Combien comptent les divisions tribales dans le chaos libyen?

« Cette histoire des tribus est un peu exagérée. Dans la plupart des cas, l’ensemble des tribus est parsemé sur le territoire. Kadhafi a urbanisé les tribus. Chaque tribu avait son sanctuaire géographique, comme par exemple les Warfalla à Beni Walid. Aujourd’hui, les Warfalla sont partout comme d’autres : ils sont à Bengasi, à Tripoli, à Sabratha... Ils ont perdu la cohésion sociale qui était la leur à une époque. Les chefs de tribu traditionnels et les codes de fonctionnement ont disparu, les leaders tribaux ont la même autorité que dans le passé. Des membres de la même tribu ont souvent pris des positions différentes à propos de plusieurs cas politiques, avec Kadhafi ou contre lui, avec les islamistes ou contre les islamistes. L’appartenance tribale s’est affaiblie, mais une culture et une certaine mentalité tribales demeurent, même si la base du tribalisme a changé. À l’Est, en Cyrénaïque, où il y a eu moins de mélanges de populations, les appartenances tribales demeurent plus prononcées par rapport à la Tripolitaine. Il y a aussi en Libye des identités plus récentes, liées aux villes. Misurata est un exemple : sa population est d’origine turque – des fonctionnaires et commerçants de l’Empire ottoman.
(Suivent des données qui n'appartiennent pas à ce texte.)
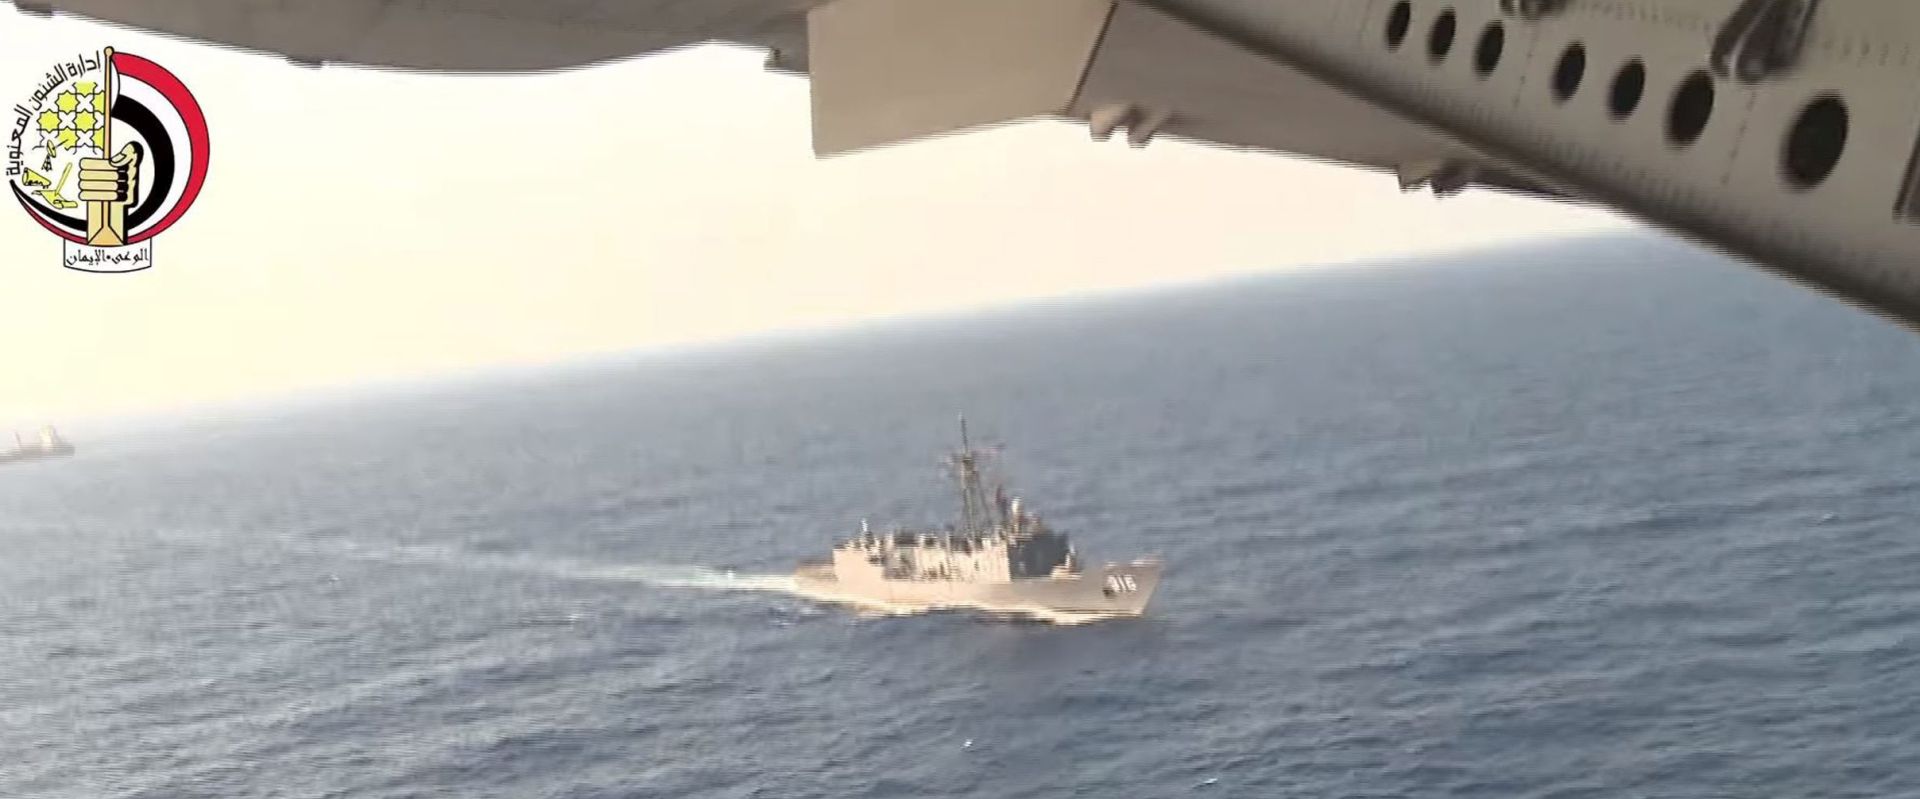 epa05318882 A screen grab taken from a handout video obtained from the Egyptian Defence Ministry on 20 May 2016 shows Egyptian Navy engaged in search operations for missing EgyptAir flight MS804 at sea off the Egyptian coast, north of Alexandria, Egypt, 19 May 2016. The Armed Forces of Egypt announced that the debris of an EgyptAir Airbus A320, which had disappeared early on 19 May 2016, as well as personal belongings of the passengers are floating in the Mediterranean Sea, north of the Egyptian city of Alexandria. The EgyptAir passenger jet had left Paris bound for Cairo with 66 people on board, but crashed into the Mediterranean Sea early for unknown reasons.  EPA/EGYPTIAN DEFENCE MINISTRY/HANDOUT  HANDOUT EDITORIAL USE ONLY/NO SALES

Les rencontres entre les structures locales sont parfois appelées ‘conférences des villes et des tribus’, en reconnaissant ainsi la validité de l’identité citadine. Ramener les conflits en Libye à de simples affrontements tribaux est très réducteur ».

 

Le futur est-il dans une Libye unifiée, divisée ou fédérée ?

« Les Libyens ne veulent pas diviser la Libye. Et ils ne veulent pas d’une fédération : ce serait pour eux un retour en arrière. Les fédéralistes se sont présentés aux élections et ils n’ont pas reçu beaucoup de voix. Beaucoup en Libye, surtout à l’Est, voudraient une réforme de l’État dans le sens d’une décentralisation qui garantisse plus d’autonomie au niveau local. Le problème en Libye est la redistribution des revenus du pétrole. À l’Est, le ressentiment est présent, toujours. Ils disent : ‘Le pétrole vient de chez nous, mais la compagnie qui le gère est à Tripoli’ ».

 

Et pourtant, il semble que les deux seules institutions capables de fonctionner au niveau national à l’Est comme à l’Ouest soient la Banque Centrale et la Noc, la Compagnie nationale du pétrole. La production de brut a atteint un milliard de barils quotidiens pour la première fois depuis quatre ans en juillet. Pourquoi leur modèle n’est-il pas applicable à la politique ?

« C’est vrai, ils fonctionnent parce qu’il y a un accord tacite entre les parties libyennes afin que la Noc travaille pour augmenter la production. Les dirigeants ont prouvé leur talent pour négocier avec les parties, mais ils y sont parvenus parce qu’ils se sont éloignés du processus politique, tout en maintenant la neutralité et en ayant comme seul objectif celui d’augmenter la production de brut. Même s’ils n’ont pas abordé le problème de la redistribution des revenus ».